Todo el peso de la ley contra esos ocupadores, invasores, ocupantes ilegales. Debe tener paciencia, fe en el Estado, poner la otra mejilla, pactar una reforma agraria con Lafuri, la cabeza de los ganaderos, la representación en carne viva de la clase terrateniente. El campesino debe pactar con ellos. Porque el campesino debe confiar que, por obra de Dios, los terratenientes ahora sí quieren entregar la tierra pacíficamente, el Estado ahora sí va a cumplir. Porque así lo dijo el señor rey, le decían a los campesinos siervos en la Edad Media; hoy lo dicen todos los tinterillos de la Agencia Nacional de Tierras.

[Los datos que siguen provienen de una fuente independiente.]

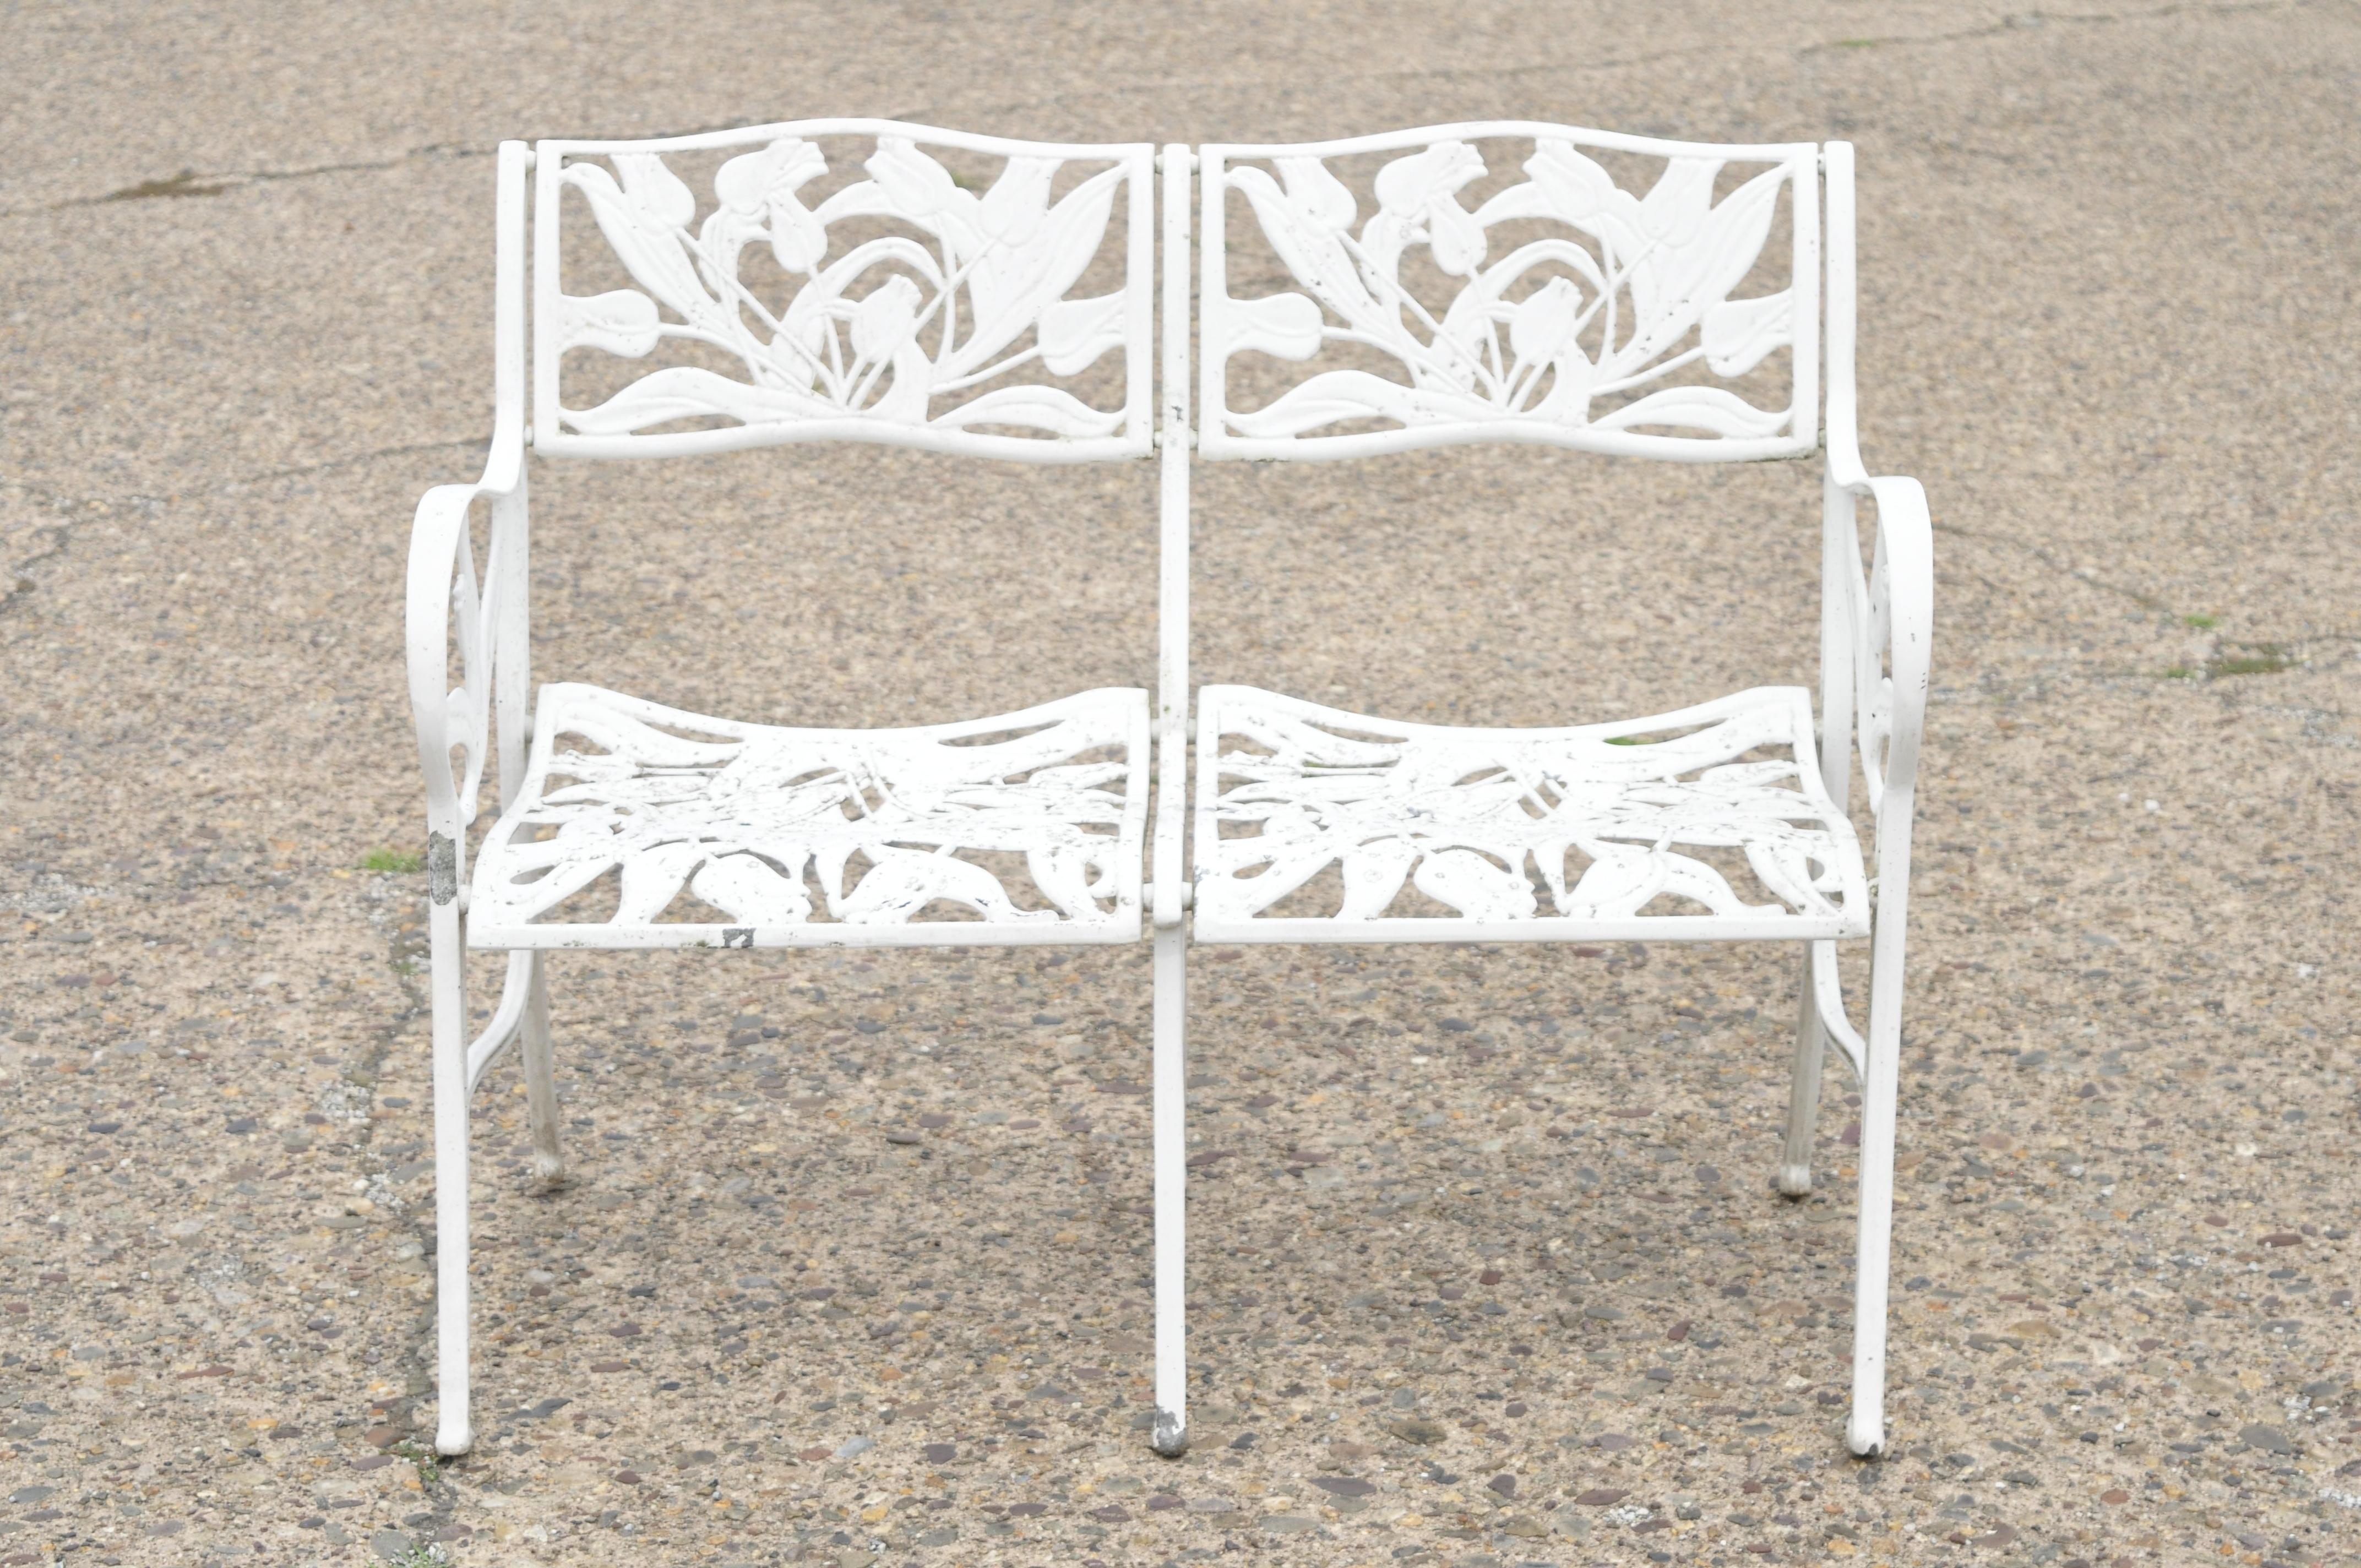 Vintage cast aluminum tulip flower garden patio bench seat attributed to Molla. Item features tulip flower frame, pierce work design, two seats, cast aluminum construction, very nice vintage item, quality craftsmanship, great style and form.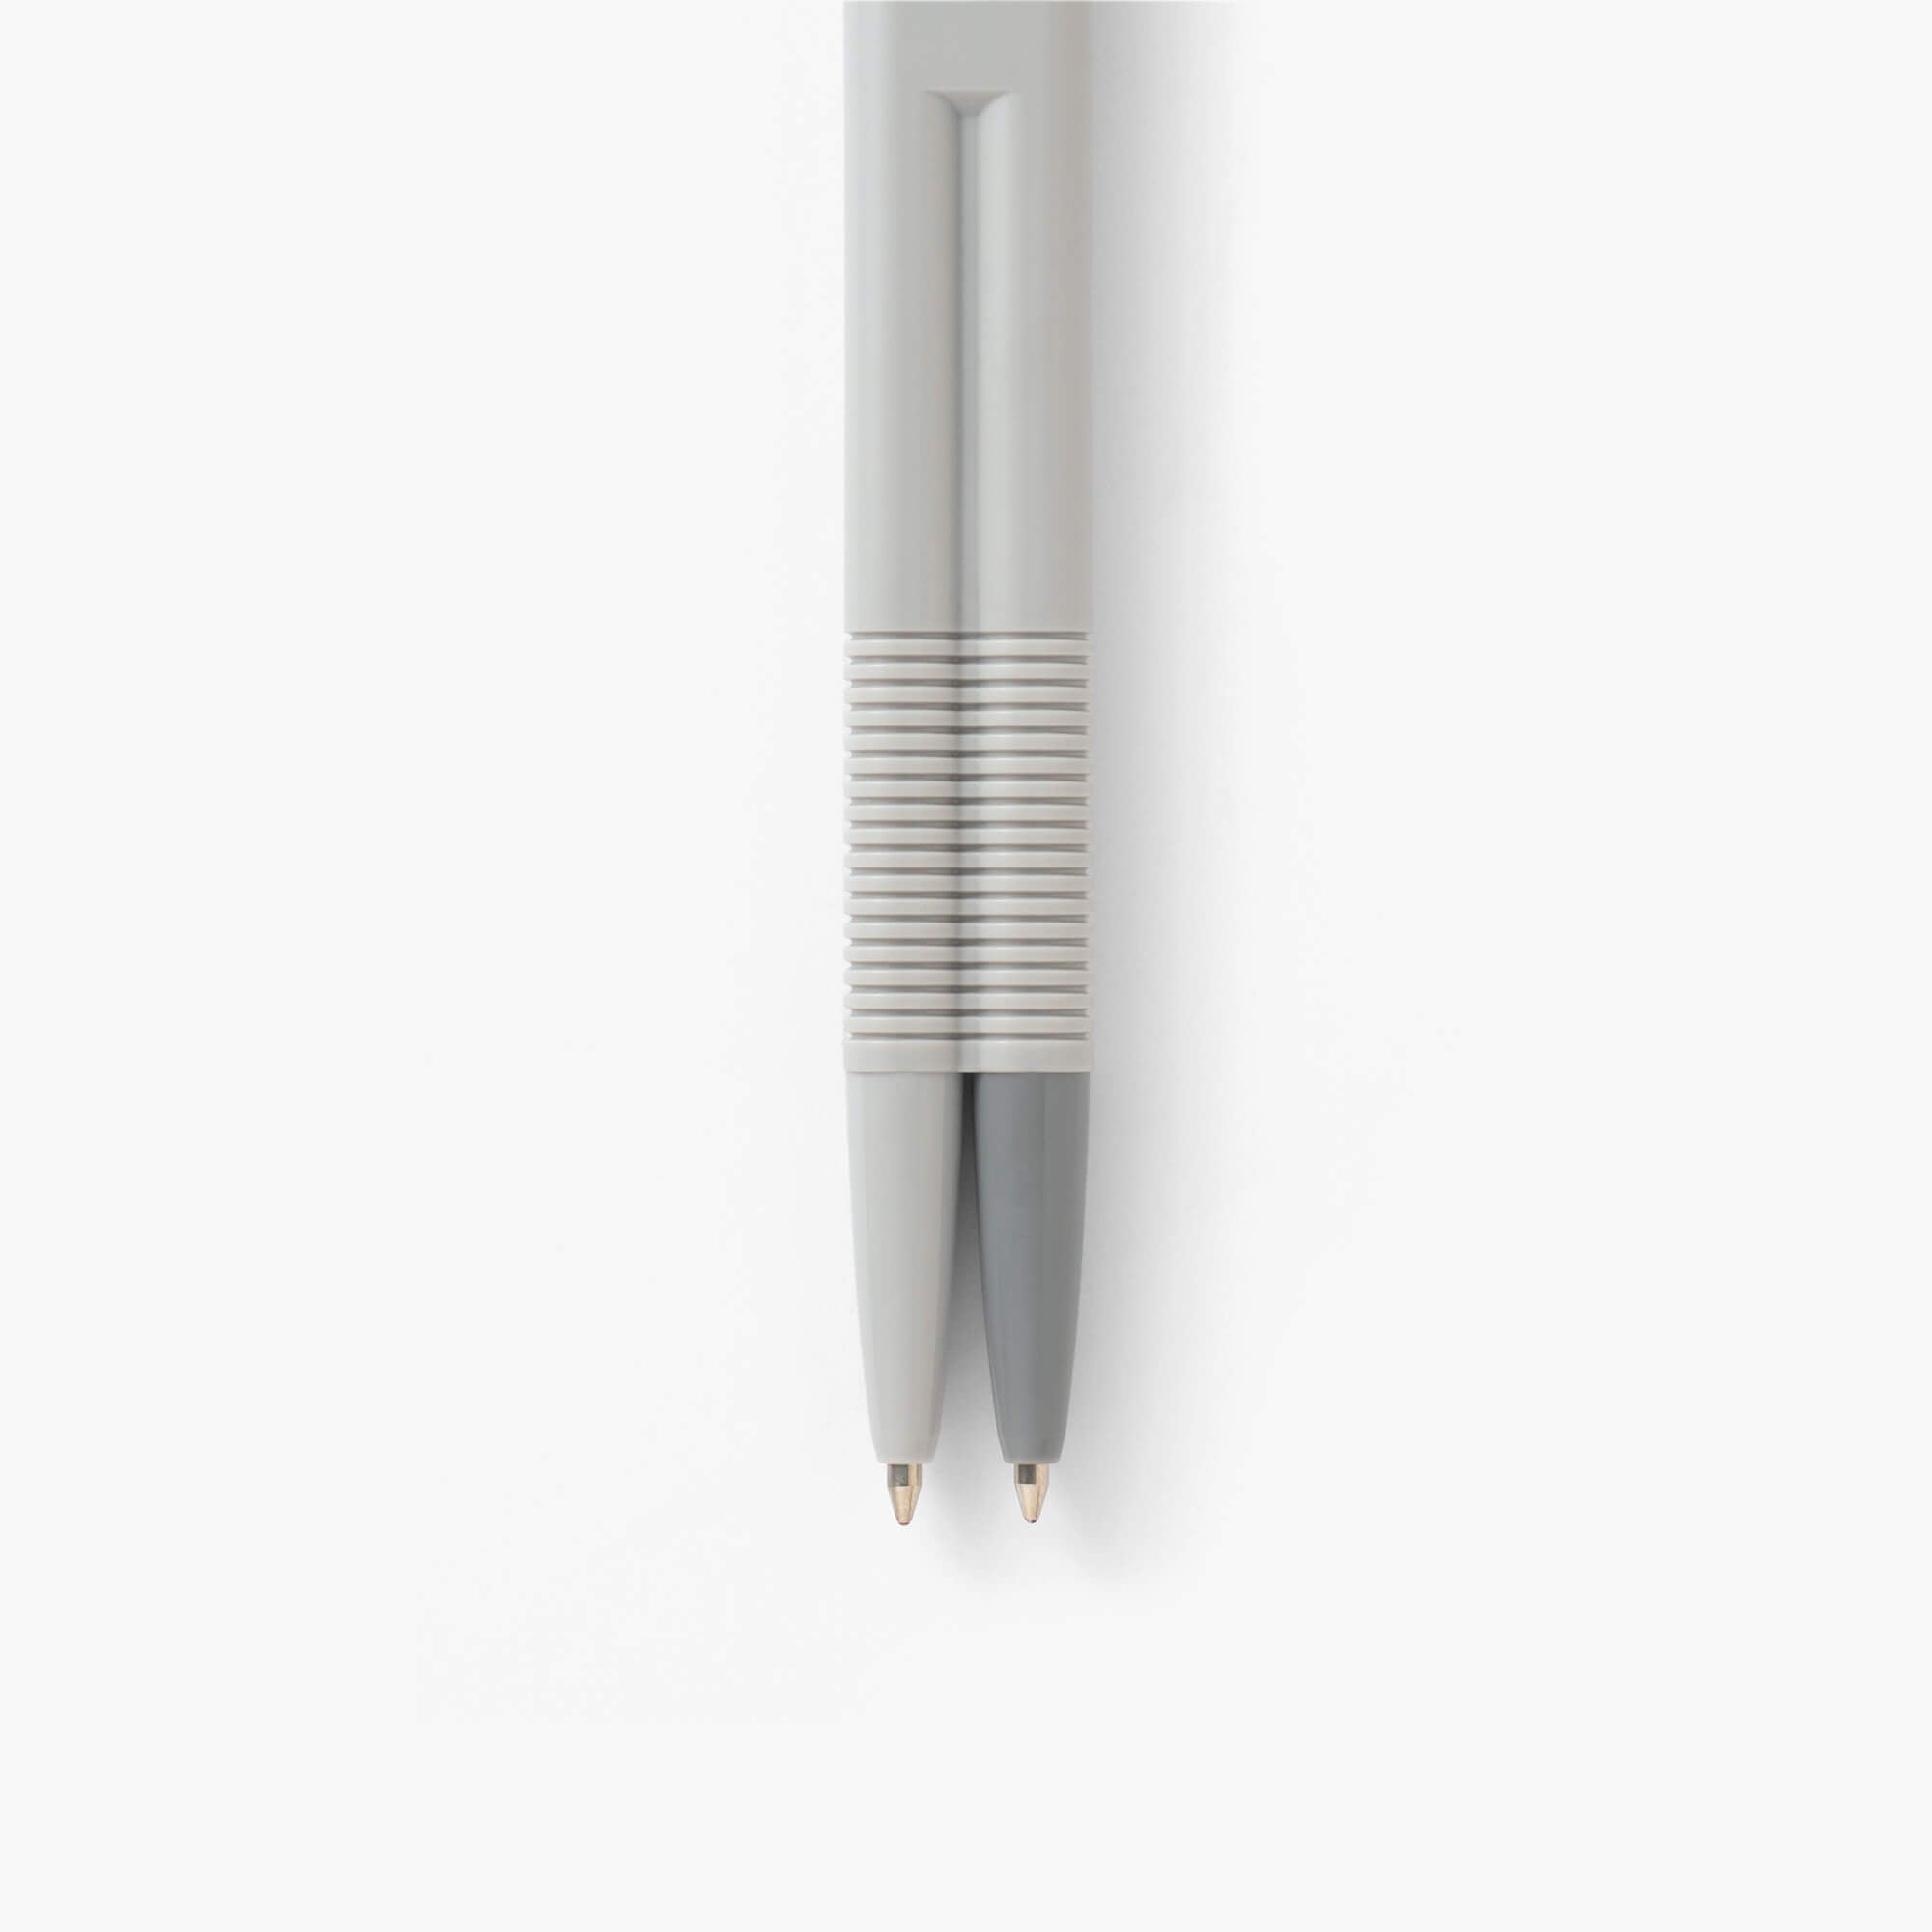 Object Index - Toggle Pen

Y ahora aparece, una vez más, la anunciada “revolución agraria”, esta vez en la voz de Iván Cepeda. Protección al campesinado, acceso a agua y vías, redistribución de tierras, créditos, jurisdicción agraria: el programa vuelve a enumerarse con prolijidad. Nada que no haya sido ensayado antes, nada que no haya fracasado antes. Y, como siempre, todo habría de resolverse en un gran diálogo nacional con los grandes propietarios. Una revolución sin conflicto, sin lucha, sin ruptura, sin tocar intereses de fondo.
La consigna “Tierra para quien la trabaja” sigue más vigente que nunca; sigue en el más profundo anhelo del campesinado, en la montaña, se adentra en la Amazonía, se refleja en cada predio ocupado, en cada sembrado defendido. La toma de tierra es justa: es la legítima reivindicación del campesino, pero no solo suya; es de toda la nación. Porque destruir el latifundio es la base sobre la cual el país puede recuperar su soberanía nacional. Mientras la ley y los discursos prometen, mientras los titulares criminalizan, la lucha por la tierra continúa hablando por sí misma: hay que saberla escuchar y defender.